Not sure… what happens when the ranges are different sizes, or otherwise the type of information learnable by each player is different in non symmetric ways?
Anyways, thanks, upon another reading of your comment, I think I’m starting to get it a bit.
Different size ranges in Hal’s example? Nothing in particular happens. It’s ok for different random variables to have different ranges.
Otoh, if the players get different ranges about a single random variable, then they could have problems.
Suppose there is one d6. Player A learns whether it is in 1-2, 3-4, or 5-6. Player B learns whether it is in 1-3 or 4-6. And suppose the actual value is 1. Then A knows it’s 1-2. So A knows B knows it’s 1-3. But A reasons that B reasons that if it were 3 then A would know it’s 3-4, so A knows B knows A knows it’s 1-4. But A reasons that B reasons that A reasons that if it were 4 then B would know it’s 4-6, so A knows B knows A knows B knows it’s 1-6. So there is no common knowledge, i.e. I∧J=Ω. (Omitting the argument w, since if this is true then it’s true for all w.)

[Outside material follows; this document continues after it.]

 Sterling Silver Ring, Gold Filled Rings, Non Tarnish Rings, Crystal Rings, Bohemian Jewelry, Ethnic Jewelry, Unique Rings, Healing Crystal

And if it were a d12, with ranges still size 2 and 3, then the partitions line up at one point, so the meet stops at {1-6, 7-12}.

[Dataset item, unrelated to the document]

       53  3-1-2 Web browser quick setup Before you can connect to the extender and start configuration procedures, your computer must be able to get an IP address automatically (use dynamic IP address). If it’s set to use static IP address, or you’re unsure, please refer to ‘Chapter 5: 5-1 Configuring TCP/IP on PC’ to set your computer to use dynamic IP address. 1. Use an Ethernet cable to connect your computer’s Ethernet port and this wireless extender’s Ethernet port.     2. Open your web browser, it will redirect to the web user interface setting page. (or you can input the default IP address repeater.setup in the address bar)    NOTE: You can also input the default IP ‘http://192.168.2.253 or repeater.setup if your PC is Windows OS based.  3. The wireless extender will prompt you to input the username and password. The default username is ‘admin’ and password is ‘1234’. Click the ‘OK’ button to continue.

Try a concrete example: Two dice are thrown, and each agent learns one die’s value. In addition, each learns whether the other die is in the range 1-3 vs 4-6. Now what can we say about the sum of the dice?
Suppose player 1 sees a 2 and learns that player 2′s die is in 1-3. Then he knows that player 2 knows that player 1′s die is in 1-3. It is common knowledge that the sum is in 2-6.
You could graph it by drawing a 6x6 grid and circling the information partition of player 1 in one color, and player 2 in another color. You will find that the meet is a partition of 4 elements, each a 3x3 grid in one of the corners.
In general, anything which is common knowledge will limit the meet—that is, the meet partition the world is in will not extend to include world-states which contradict what is common knowledge. If 2 people disagree about global warming, it is probably common knowledge what the current CO2 level is and what the historical record of that level is. They agree on this data and each knows that the other agrees, etc.
The thrust of the theorem though is not what is common knowledge before, but what is common knowledge after. The claim is that it cannot be common knowledge that the two parties disagree.
What I don’t like about the example you provide is: what player 1 and player 2 know needs to be common knowledge. For instance if player 1 doesn’t know whether player 2 knows whether die 1 is in 1-3, then it may not be common knowledge at all that the sum is in 2-6, even if player 1 and player 2 are given the info you said they’re given.
This is what I was confused about in the grandparent comment: do we really need I and J to be common knowledge? It seems so to me. But that seems to be another assumption limiting the applicability of the result.
Not sure… what happens when the ranges are different sizes, or otherwise the type of information learnable by each player is different in non symmetric ways?
Anyways, thanks, upon another reading of your comment, I think I’m starting to get it a bit.
Different size ranges in Hal’s example? Nothing in particular happens. It’s ok for different random variables to have different ranges.
Otoh, if the players get different ranges about a single random variable, then they could have problems. Suppose there is one d6. Player A learns whether it is in 1-2, 3-4, or 5-6. Player B learns whether it is in 1-3 or 4-6.
And suppose the actual value is 1.
Then A knows it’s 1-2. So A knows B knows it’s 1-3. But A reasons that B reasons that if it were 3 then A would know it’s 3-4, so A knows B knows A knows it’s 1-4. But A reasons that B reasons that A reasons that if it were 4 then B would know it’s 4-6, so A knows B knows A knows B knows it’s 1-6. So there is no common knowledge, i.e. I∧J=Ω. (Omitting the argument w, since if this is true then it’s true for all w.)
And if it were a d12, with ranges still size 2 and 3, then the partitions line up at one point, so the meet stops at {1-6, 7-12}.